◆ **DESCRIPTION OF THE TASK**
Beginning with the line that holds "Label for Staglin" and finishing with the line that holds "Guido Gobino Cremino", repeat the listing exactly, leaving every picture out.

◆ **SUPPLIED DATA**
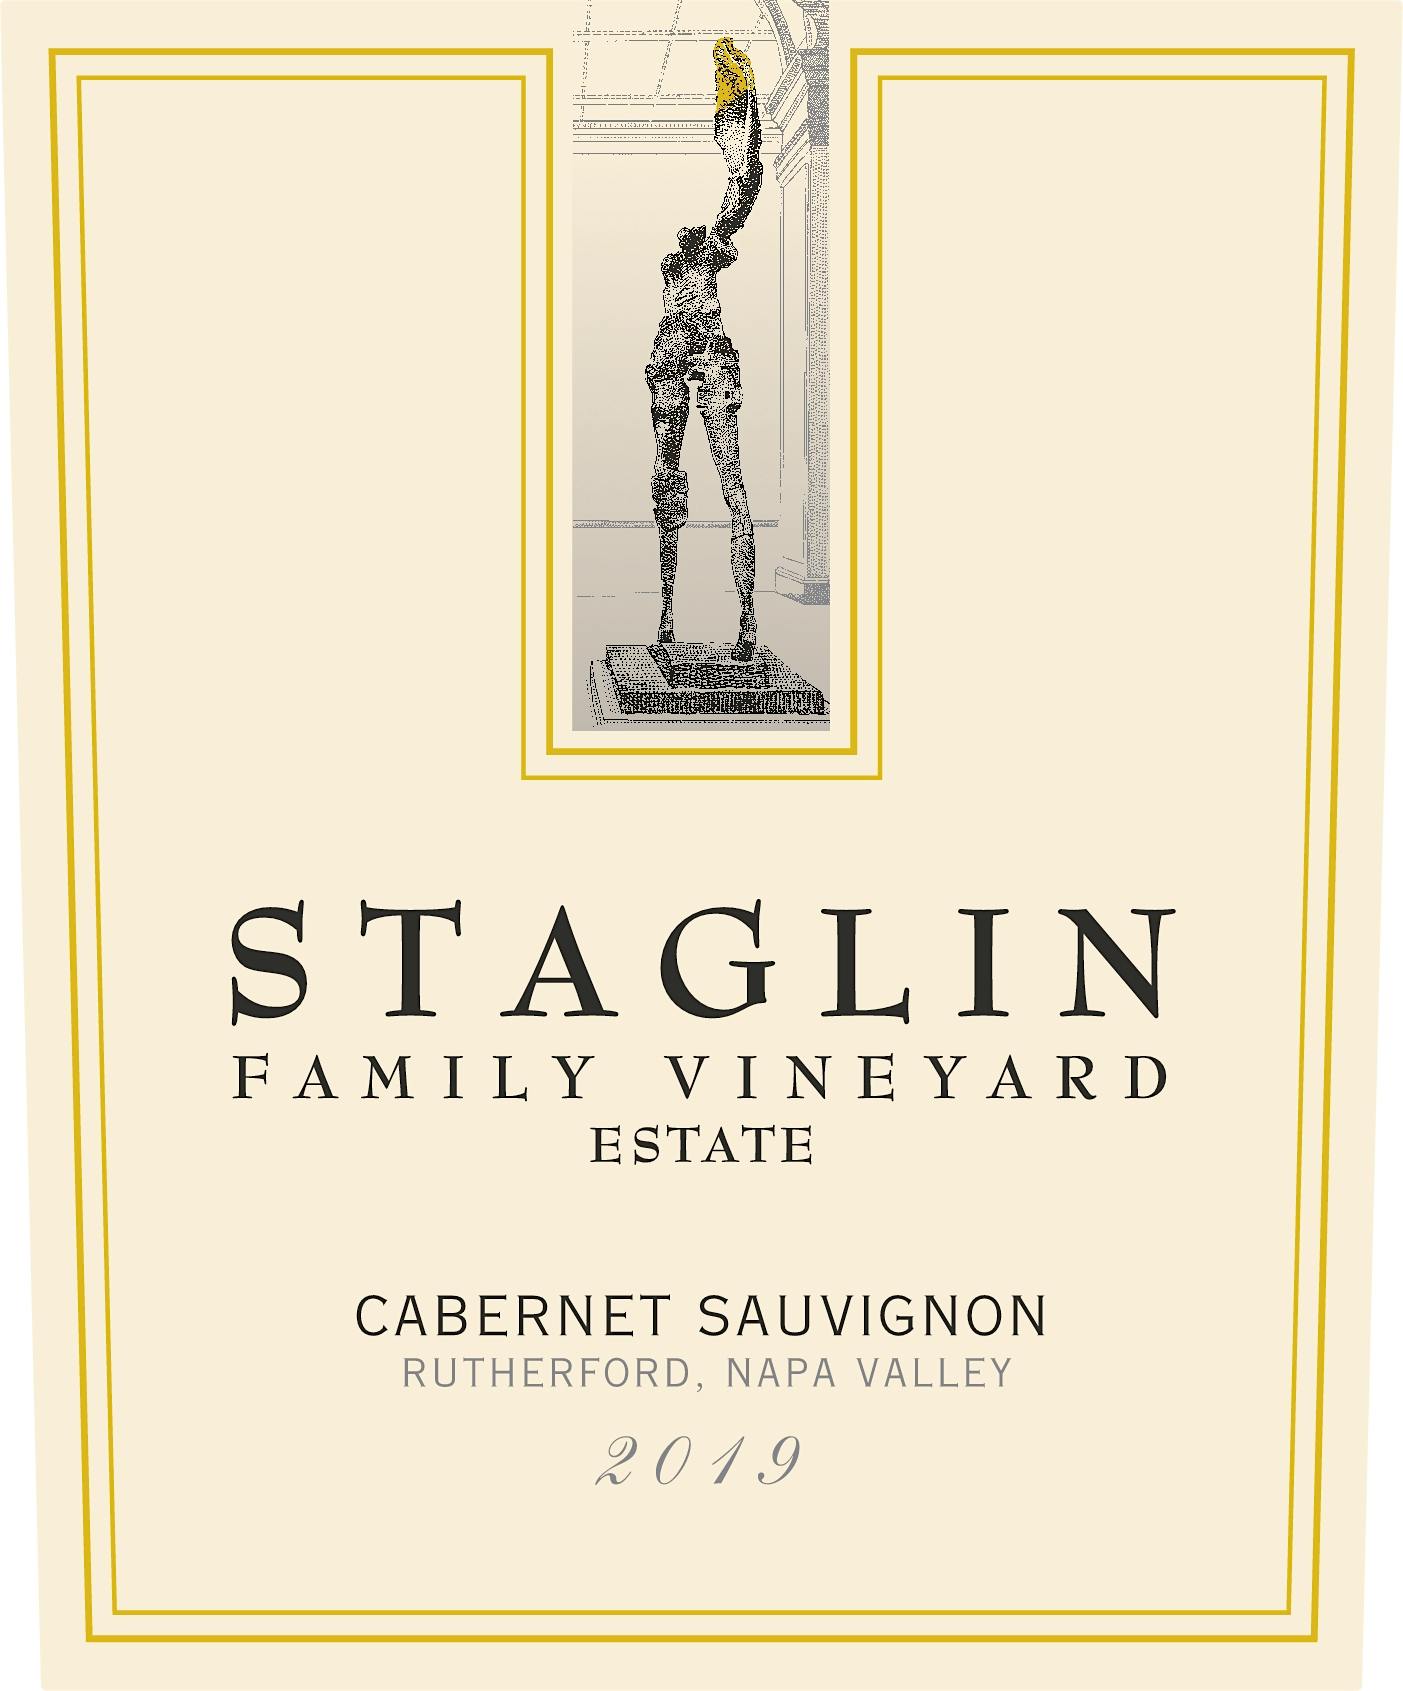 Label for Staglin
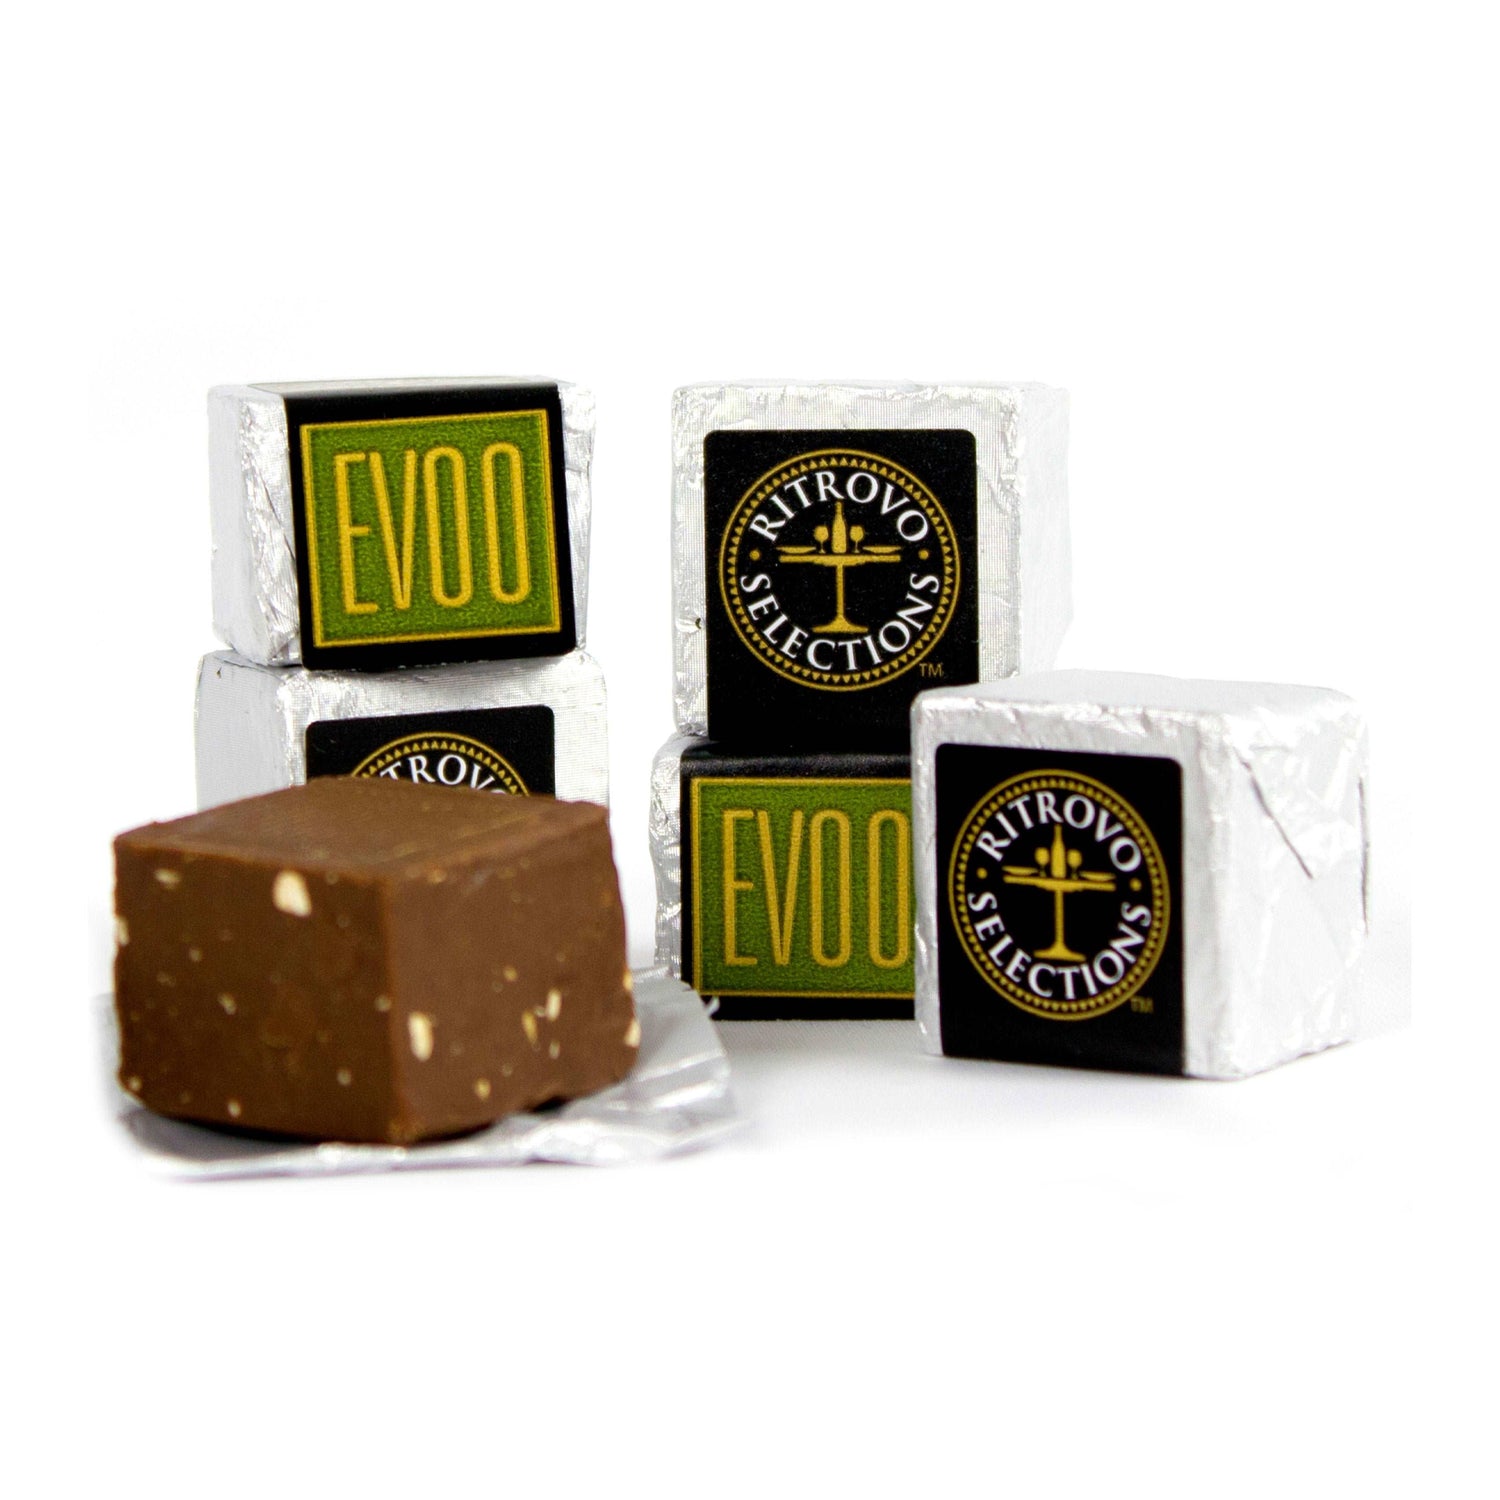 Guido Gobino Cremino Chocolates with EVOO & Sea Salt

* * *

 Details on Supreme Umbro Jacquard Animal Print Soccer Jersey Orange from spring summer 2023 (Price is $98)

---

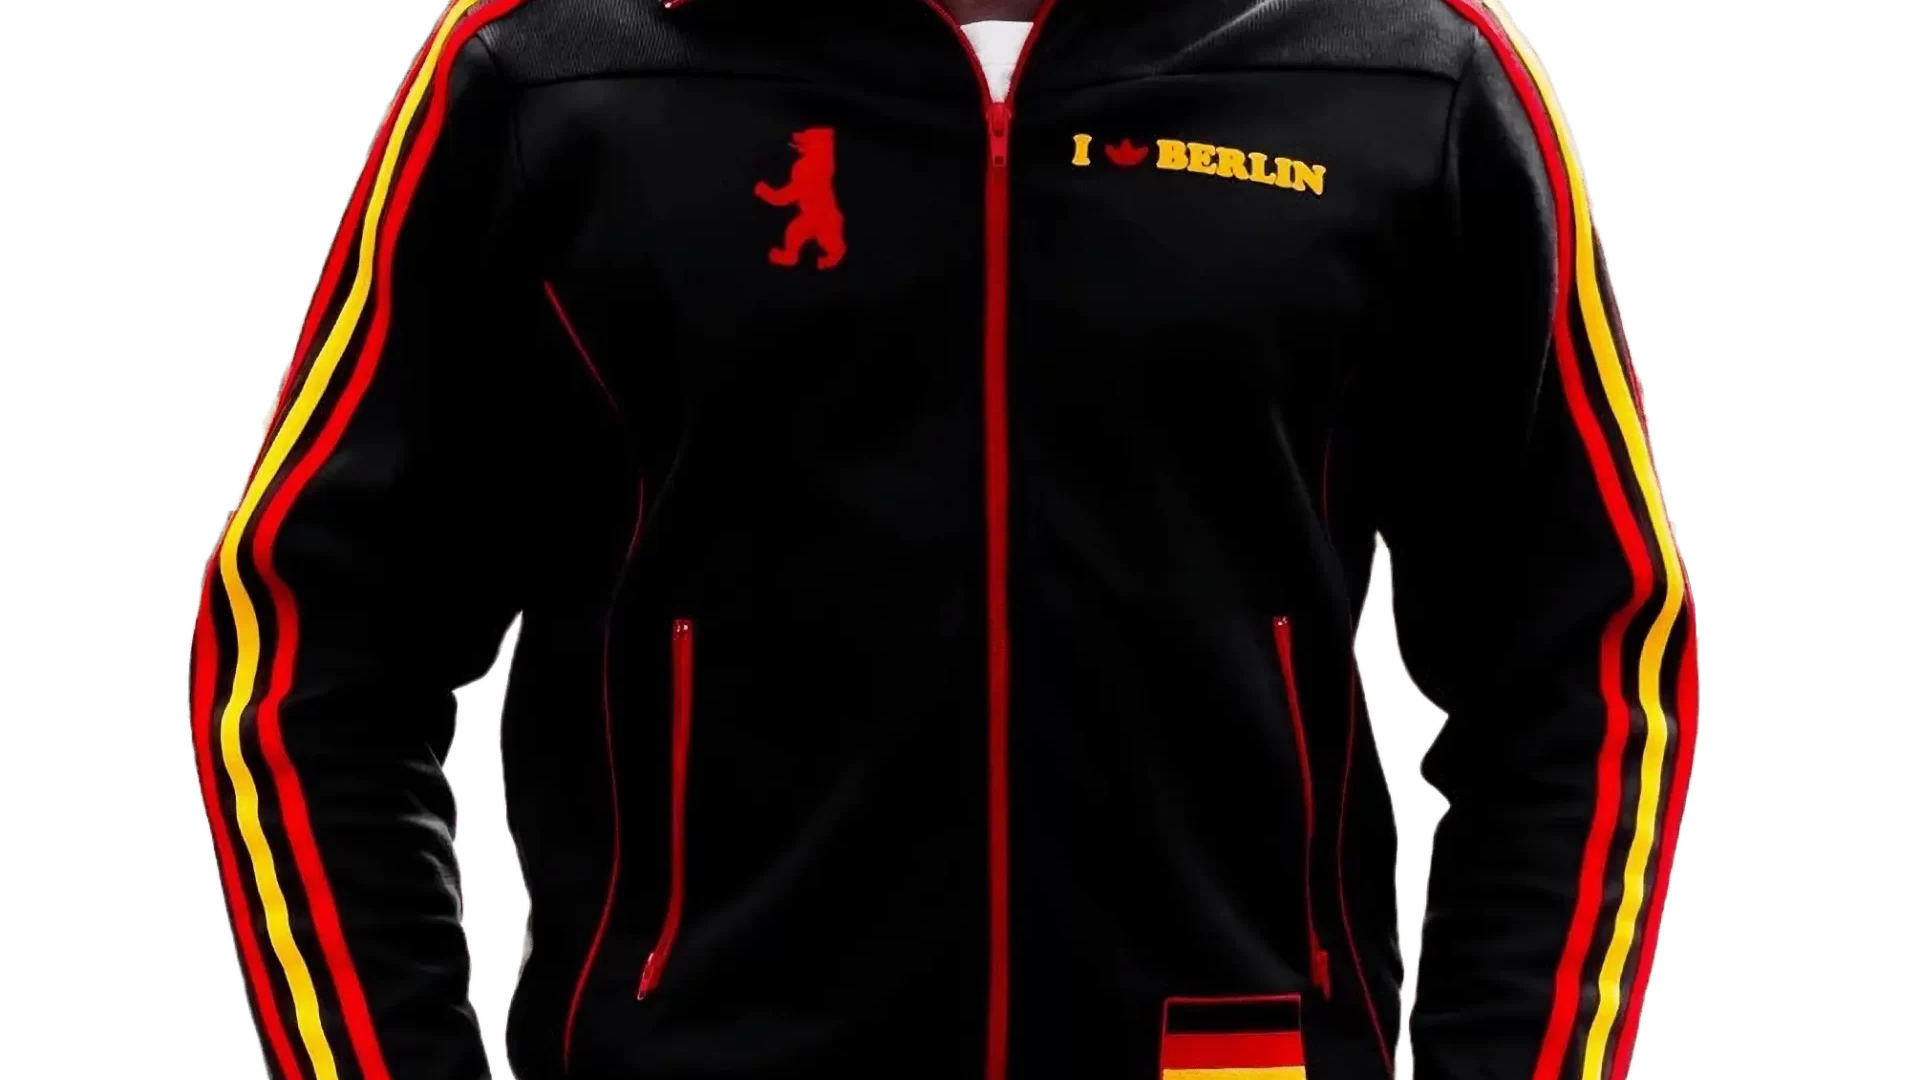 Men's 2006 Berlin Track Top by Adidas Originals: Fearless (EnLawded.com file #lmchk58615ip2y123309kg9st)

◆ **REPLY**
 Label for Staglin
 Guido Gobino Cremino Chocolates with EVOO & Sea Salt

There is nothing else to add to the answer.